You sound a lot like an old Hollywood detective.

If you can find a smoking gun, if you can show that this preceded that and somebody’s been shot in the past, then you can get a conviction. That’s exactly what it’s like.
By contrast, in CFS research it often seems like the biopsychosocial researchers started with the theory and examined the paths that might lead to the disease...
 

redo

Senior Member
Messages
874
It was really fascinating to see how he's observed others deteriorate from just testing - which I guess several ME patients also experience when going about with stressful and demanding tests or tasks (my bolds).

HIV was turning the patients’ bodies against themselves, the hallmark of an autoimmune disease. But you found that their immune systems were attacking not just their blood but their nervous systems as well. How did that finding come about?

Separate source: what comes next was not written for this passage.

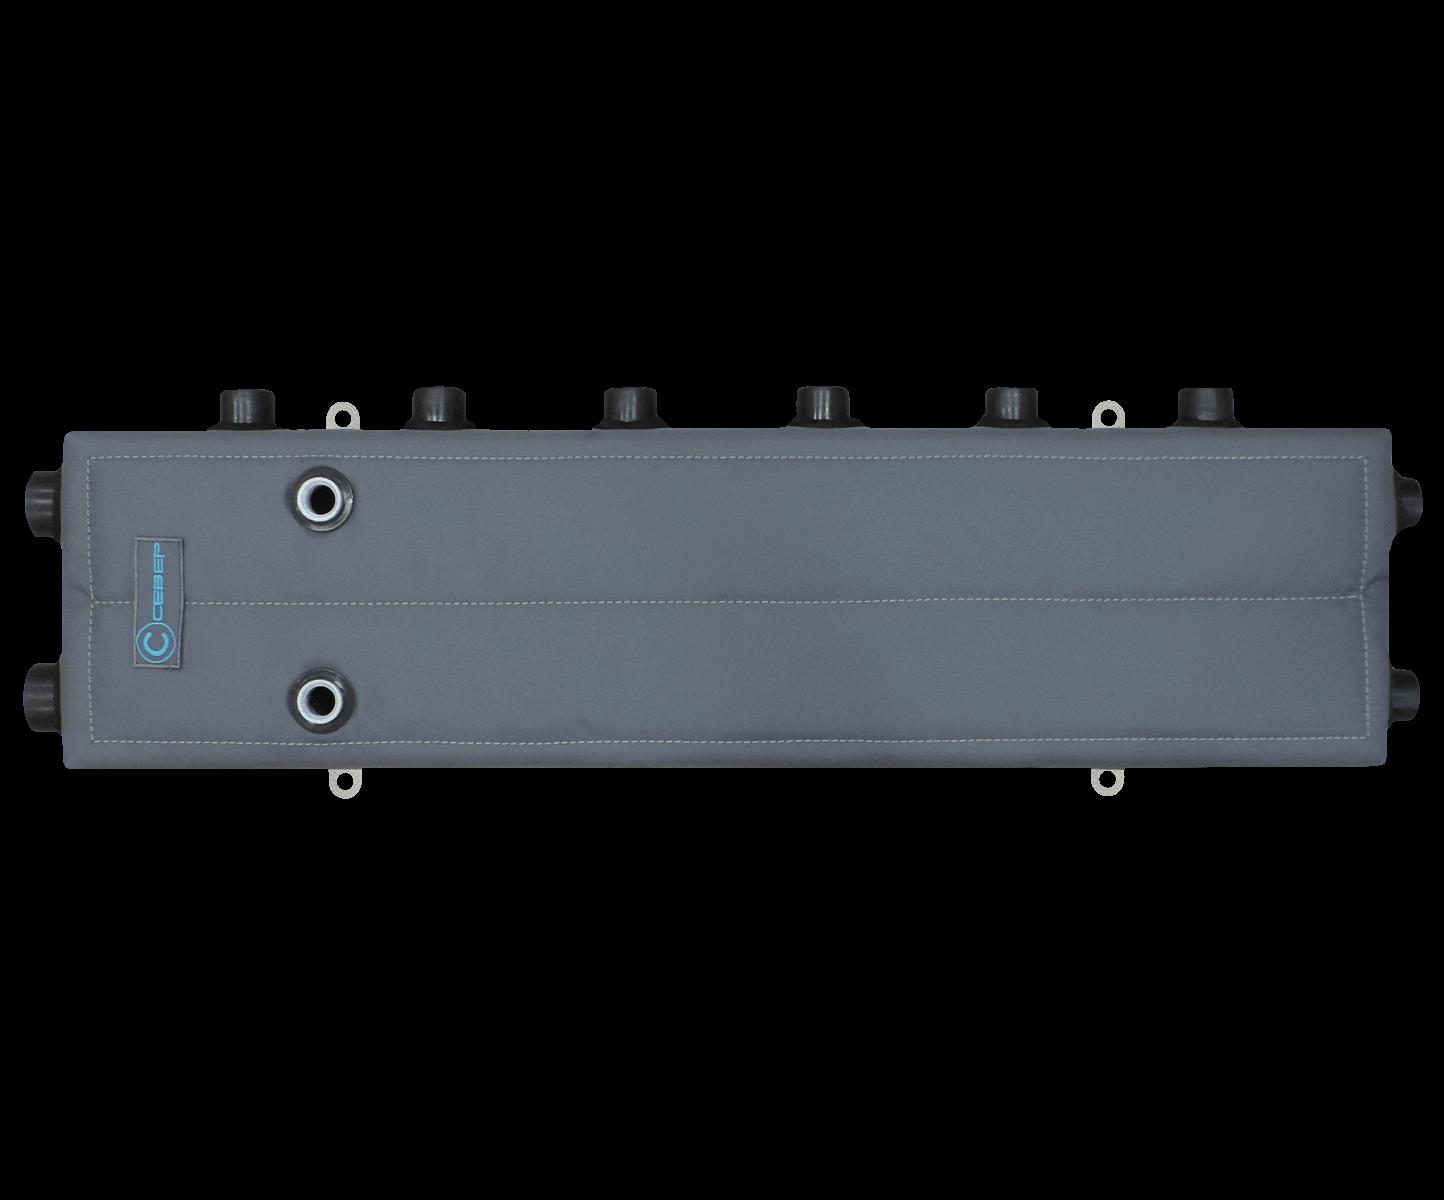 Теплоизоляция, теплоизоляционный чехол для гидрообвязки Север КМ4

I discovered this because we then had the only MRI scanner in the world at UCSF. As a result, a colleague asked me to see a patient of his, a ski instructor from Vail, Colorado. The man was thought to have MS, multiple sclerosis. So this fellow arrived at my clinic early one morning, and I did a very detailed neurological exam. As I left him and came back to him over the course of an hour, his symptoms changed. He was becoming quite fatigued, because the testing is arduous. So I gave him a break of 15 minutes. And he came back in to see me and now both sides of his face were so weak he couldn’t smile. He had numbness and tingling and then, right there in my office, his face became so weak he couldn’t close one eye. Then he couldn’t close the other eye.
It was clear this wasn’t MS, and I thought of a couple of causes for what I saw. One was exposure to some kind of toxin. So I checked the man’s spinal fluid for the presence of protein indicating inflammation. His protein was orders of magnitude higher than anything I’d ever seen, and the spinal fluid came out like glue. My colleagues asked what I wanted to do, and I said, I want to do plasmapheresis.